Imagine if you needed to issue a command every time you wanted your heart to beat. Of course, such an organism would not last long less it forget or fall asleep and stop breathing. Instead, we look to a more organic collaboration that works much like the autonomic nervous system.

With this system, the body has created a framework for the individual components and organs that make up the body to participate in a much greater process. There is a very small barrier to entry for these organs to participate and each only contributes a small amount but results in the greater gestalt of ones health.

In an organic organisational structure we tend to get more networked and integrated communication and collaboration. The down side of this is that the output of this group is not as easily measured and not nearly as predictable. The organic structure requires one to stop thinking in terms of processes and start thinking in terms of frameworks.

Process vs Framework

A process is a documented, repeatable, series of events. A process is something that can be tasked out and completed in a measured amount of time.

On the other hand, a framework works as an incubation unit for ideas. It provides the home, resources, and food for ideas to grow and evolve, as well as a space for individuals to collaborate.

A framework has the potential for generating much higher output than any one process, but to achieve this requires a change in the way we foster and grow organisations. The required change is that companies stop thinking about growing organisational charts and start growing individuals.

The shift implies a movement towards embracing the social collaboration ether around us.

What really is a framework?

A framework is a platform that enables content creation and collaboration. Wikipedia and YouTube never made it big because a few people decided to, on their own, write an encyclopedia or create videos. Instead these websites became popular because they created a framework for a Do-It-Yourself culture to create the content for them.

Traditional companies have a hard time embracing the social collaborative framework. The question of who “owns” this new “product” begin to emerge.

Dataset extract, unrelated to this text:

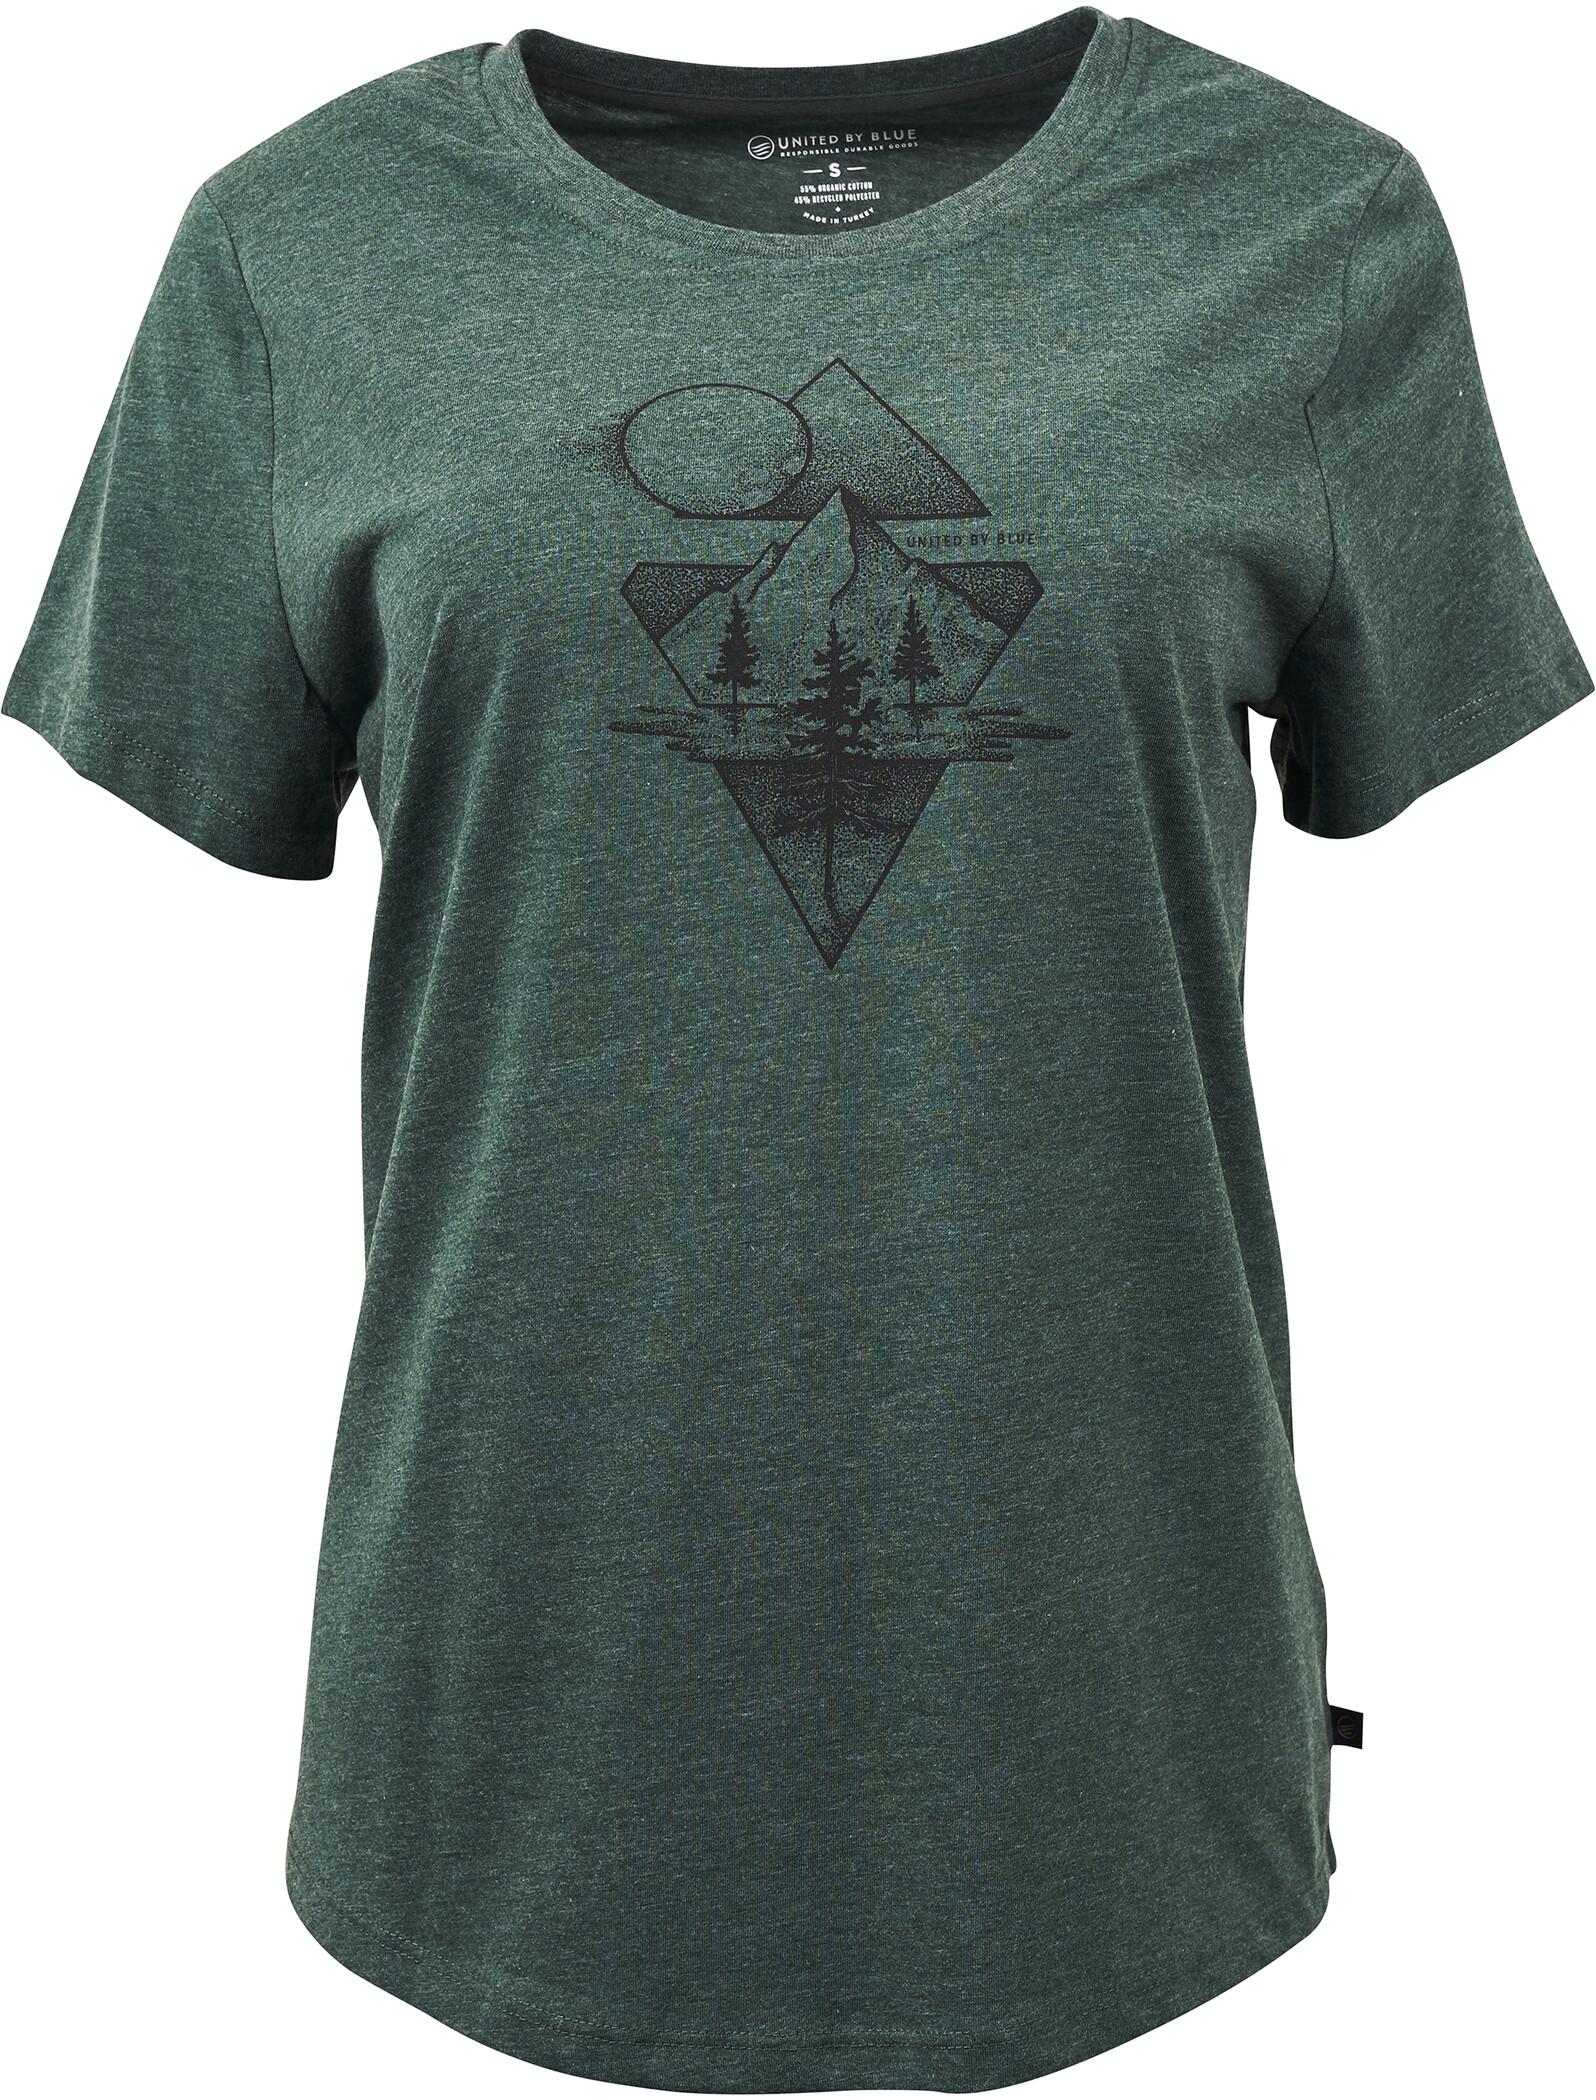 XYMYFC-E Pitbull Heart Adult Womens Long-Sleeved Tshirt

Does it belong to research and development, marketing, external communications, or sales department?

The answer is that a framework belongs to the company and should be a tool that each of these departments utilises and leverages to the extent they want.

Unfortunately, many times chaordic/organic collaboration falls into the hands of only one of these groups and we see the marketing department creating a social game to promote the brand, while the research and development team struggle to create a new product the company can sell. This is the medical equivalent of the digestive system deciding that it controls the autonomic nervous system and hijacking it for a very narrow purpose.

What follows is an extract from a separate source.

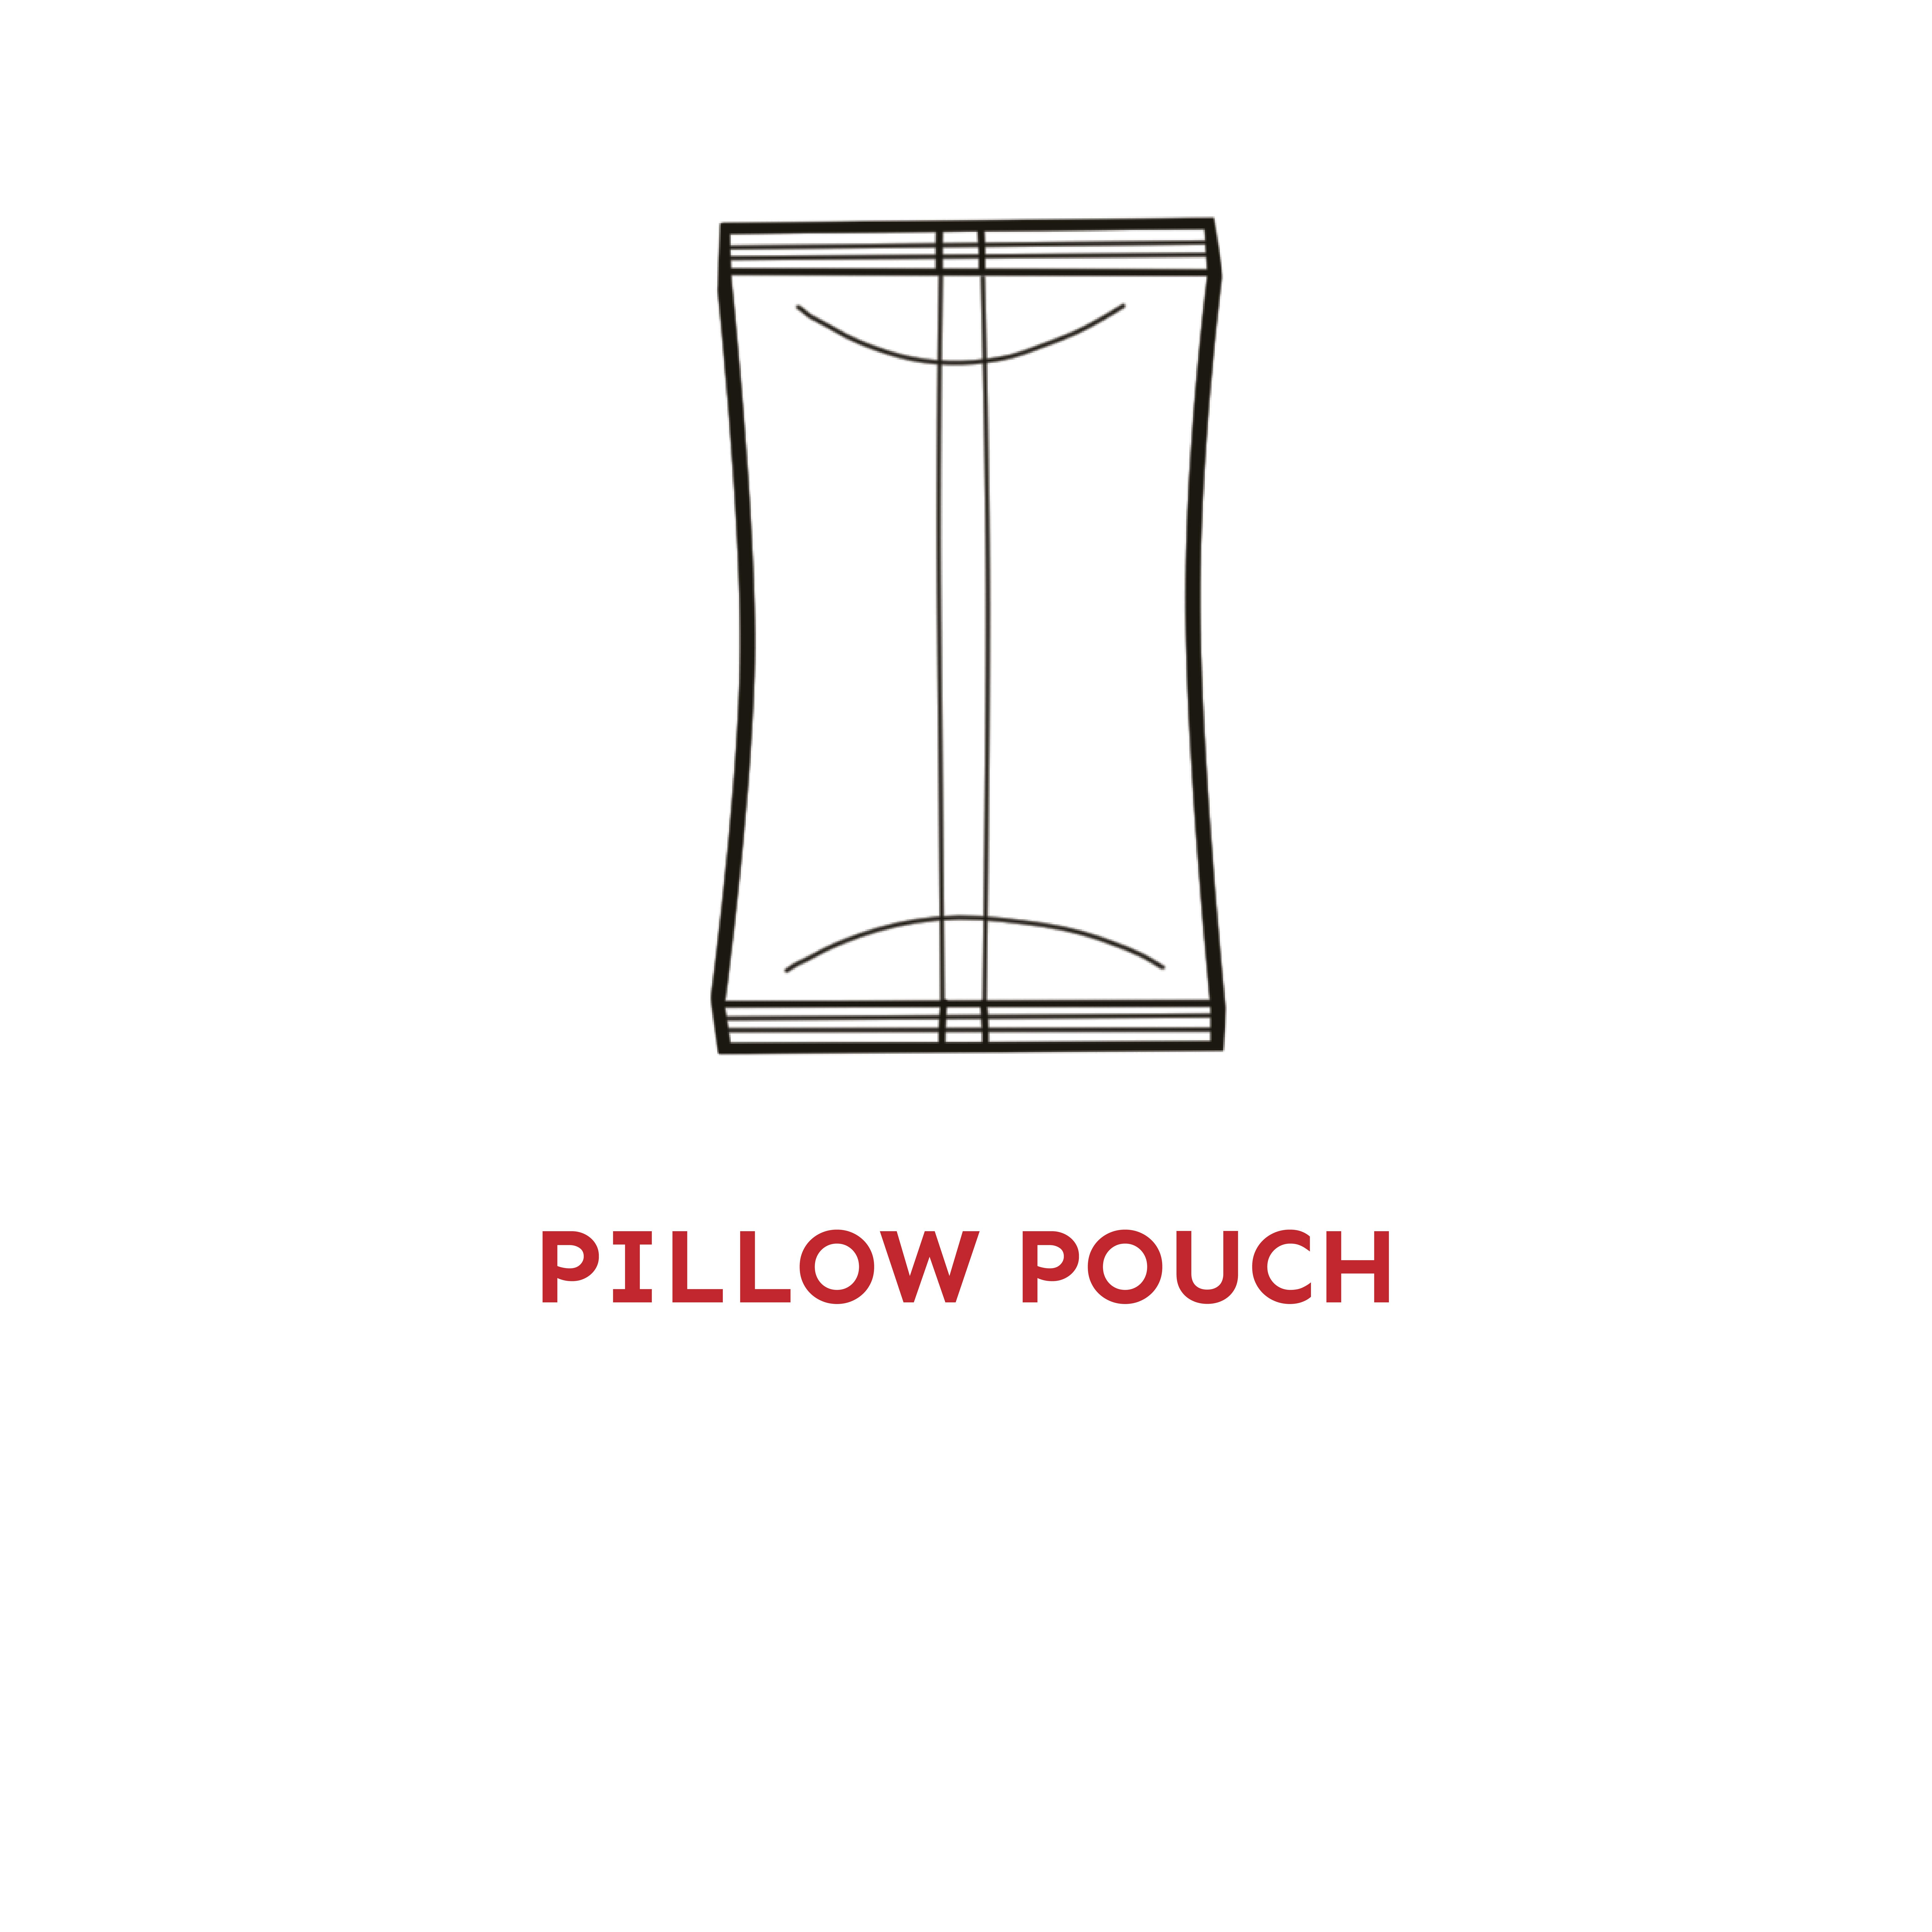 Pillow Pouch Packaging

An effective framework should lower the barrier to entry for people to participate, share, and collaborate on information in projects, while keeping the information organised enough to be useful. These are busy times and we are busy people who don’t want to spend out free time writing an encyclopedia, but we are willing to contribute and correct entries that are of interest to us.

How this impacts every area of your business

“What does this mean for my company?” you ask.

The net effect is that companies need to stop thinking about creating white-papers, marketing materials, and position statements that result in highly polished cannon fodder that nobody ever reads. Having glossies/slicks in front of your convention booth is par for the course, but an entirely necessary evil. The absence of them implies you have no information. But never have I heard someone say they’ll do anything but throw this material away.

Even if the white-paper you write is highly polished and read by a few people, how much content can you individually create?

Every minute members of YouTube upload over 60 hours of video. Even if the majority of that content is nothing but mental fodder, those videos that go viral empower the marketing that drives value in the site. In addition, YouTube has capitalised on the long-tail approach towards market ownership by building a framework that all segments of the video creation spectrum can participate in.